- _TASK GOAL_: All pictures are to be omitted while the lines starting at the line with "garbage in nature, destruction" and ending at the line with "Silver forest 8kt" in the material below are retyped exactly, both ends included.

- _GIVEN DATA_:
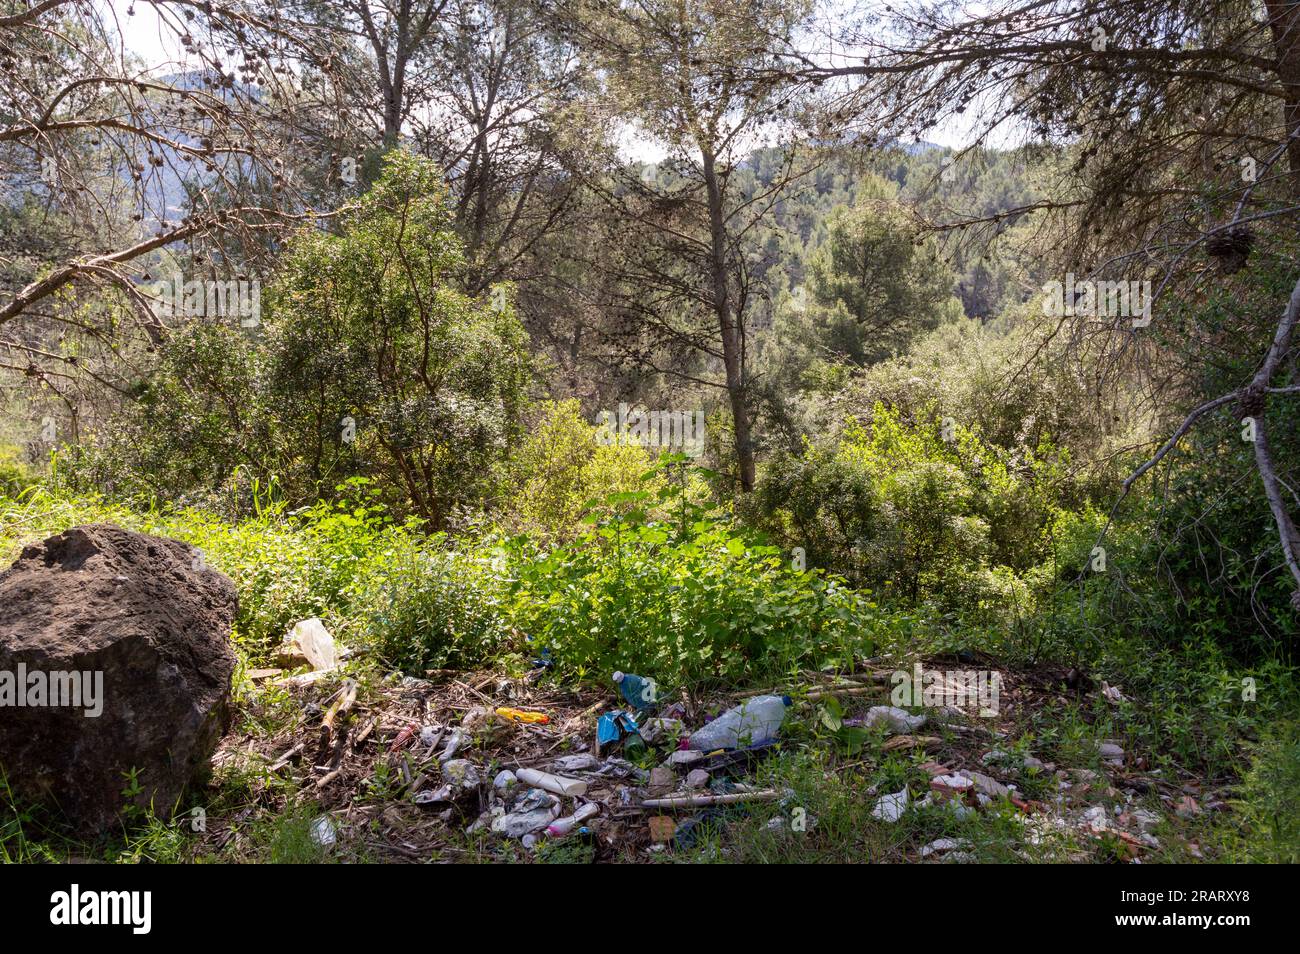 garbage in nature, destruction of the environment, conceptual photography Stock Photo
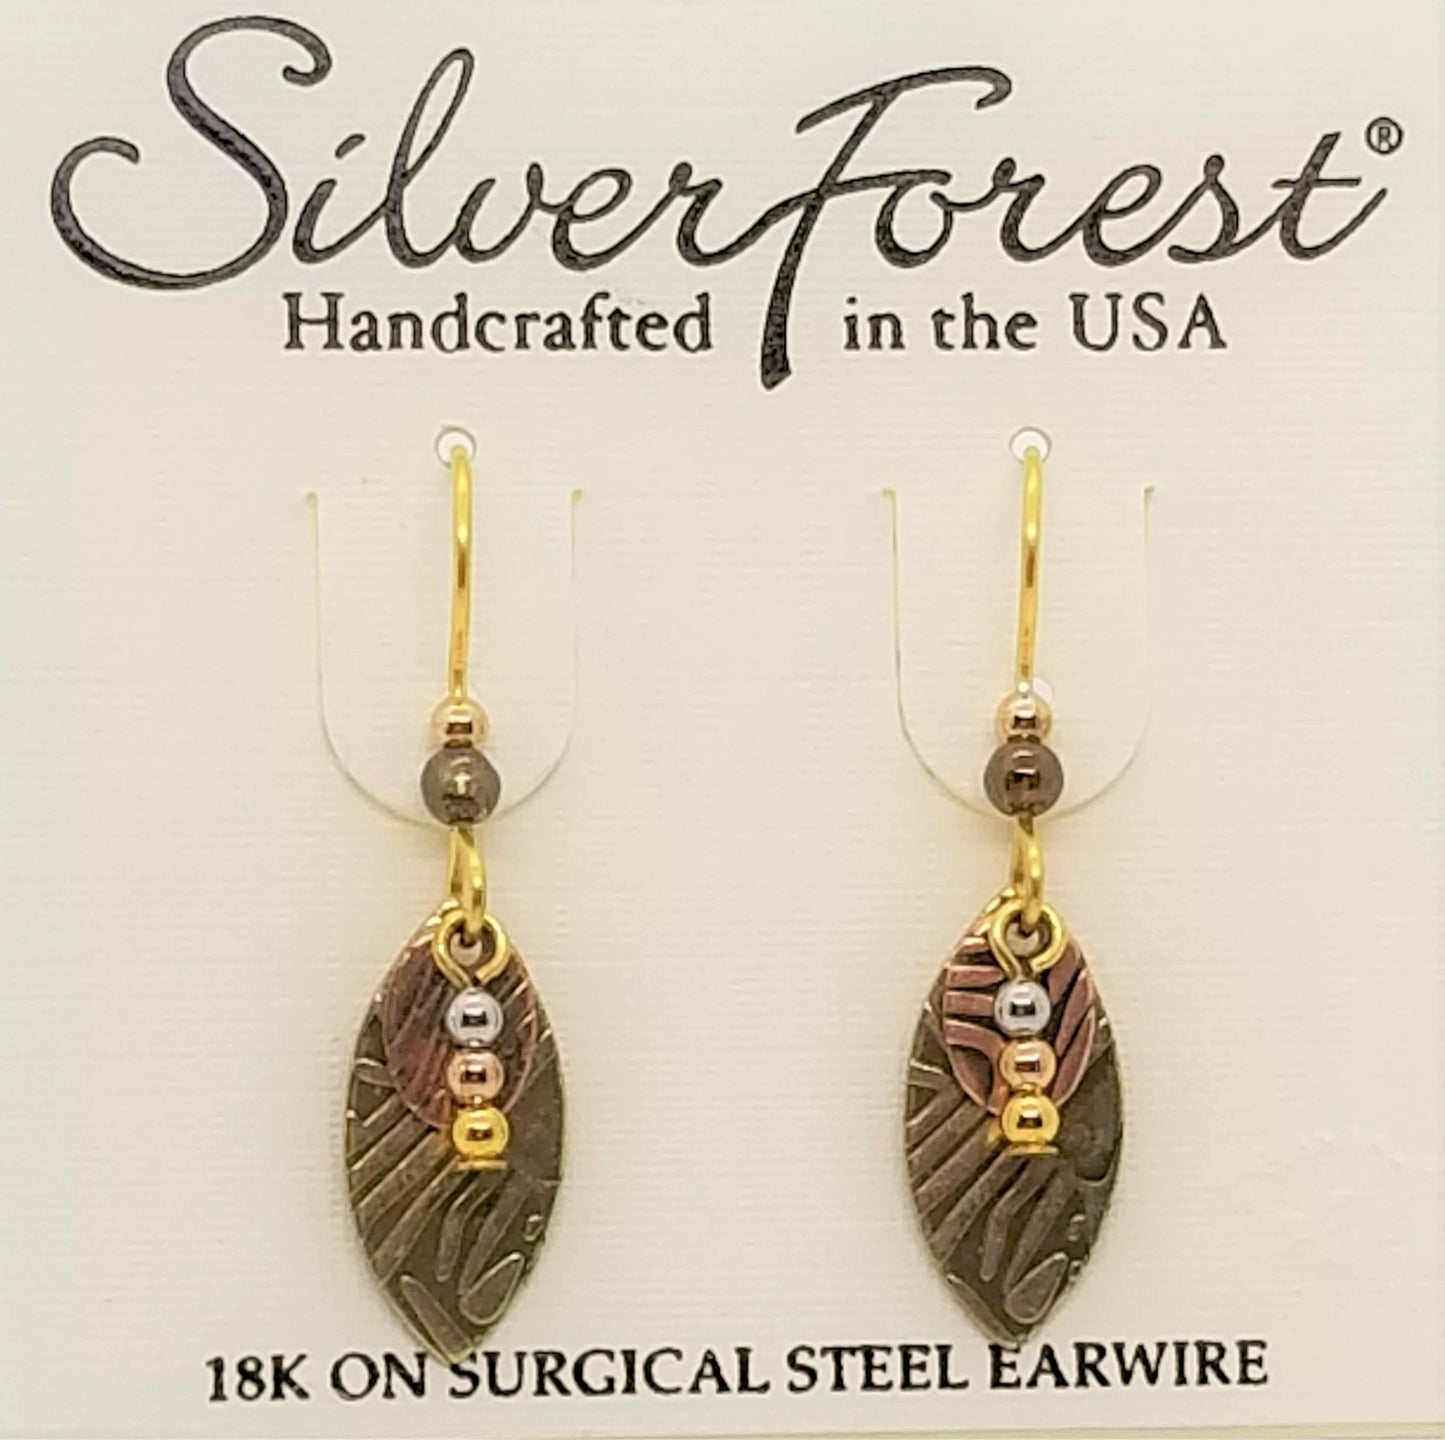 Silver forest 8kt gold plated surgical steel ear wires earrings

--

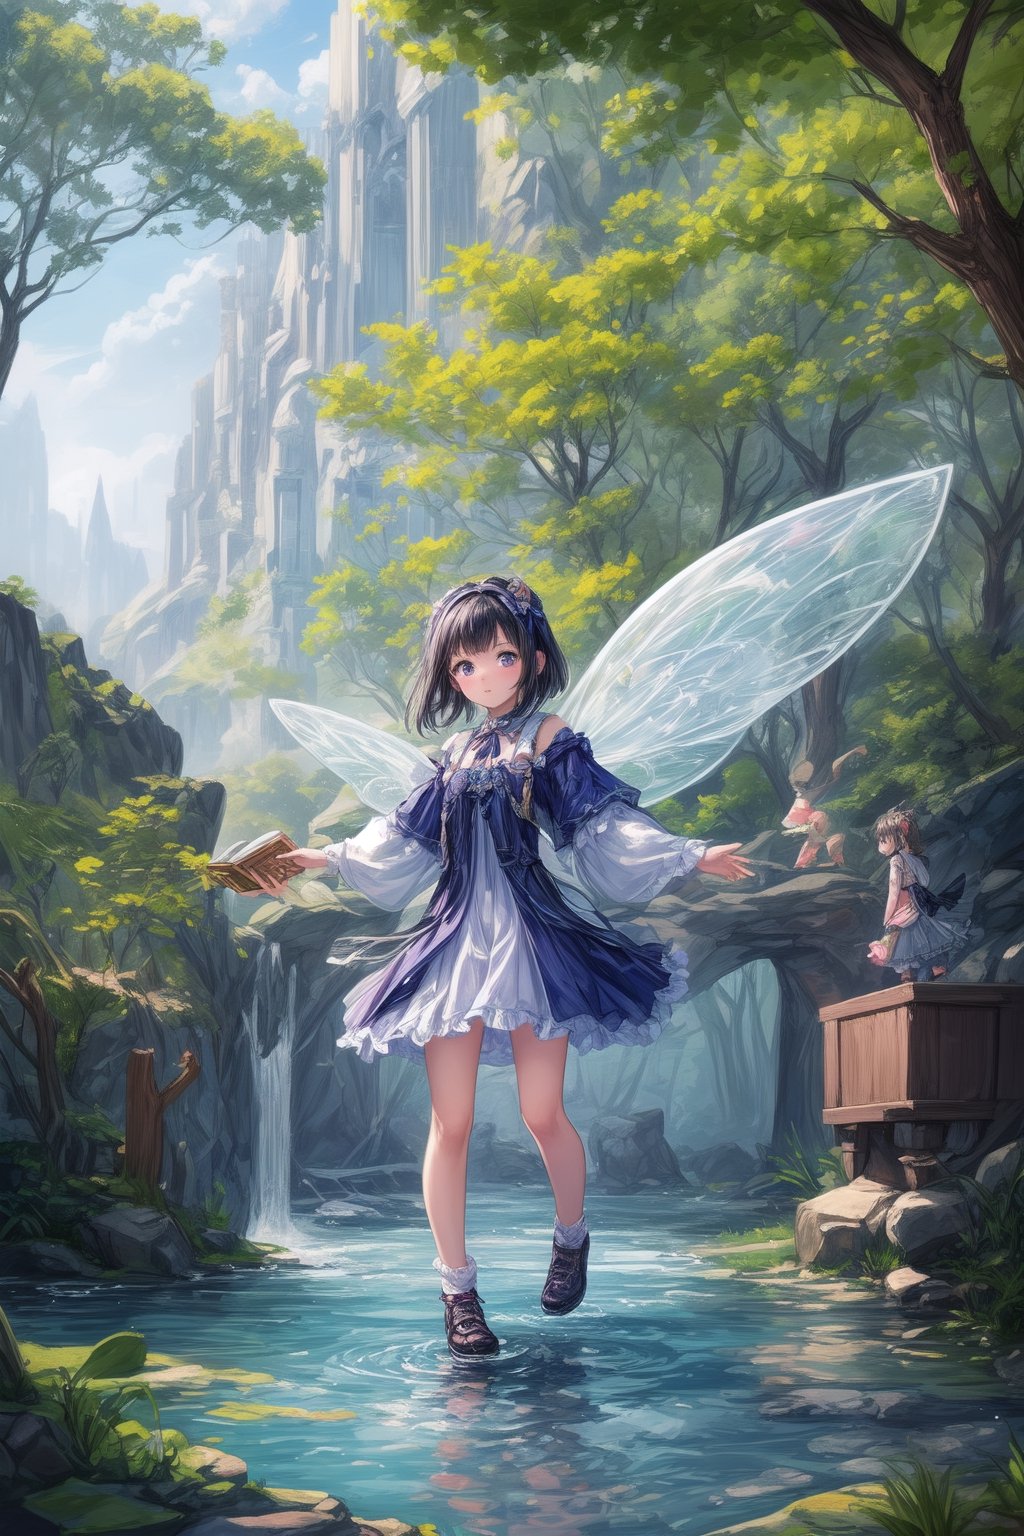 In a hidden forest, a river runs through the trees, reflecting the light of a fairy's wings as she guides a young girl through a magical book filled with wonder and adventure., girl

- _FINISHED TASK_:
 garbage in nature, destruction of the environment, conceptual photography Stock Photo
 Silver forest 8kt gold plated surgical steel ear wires earrings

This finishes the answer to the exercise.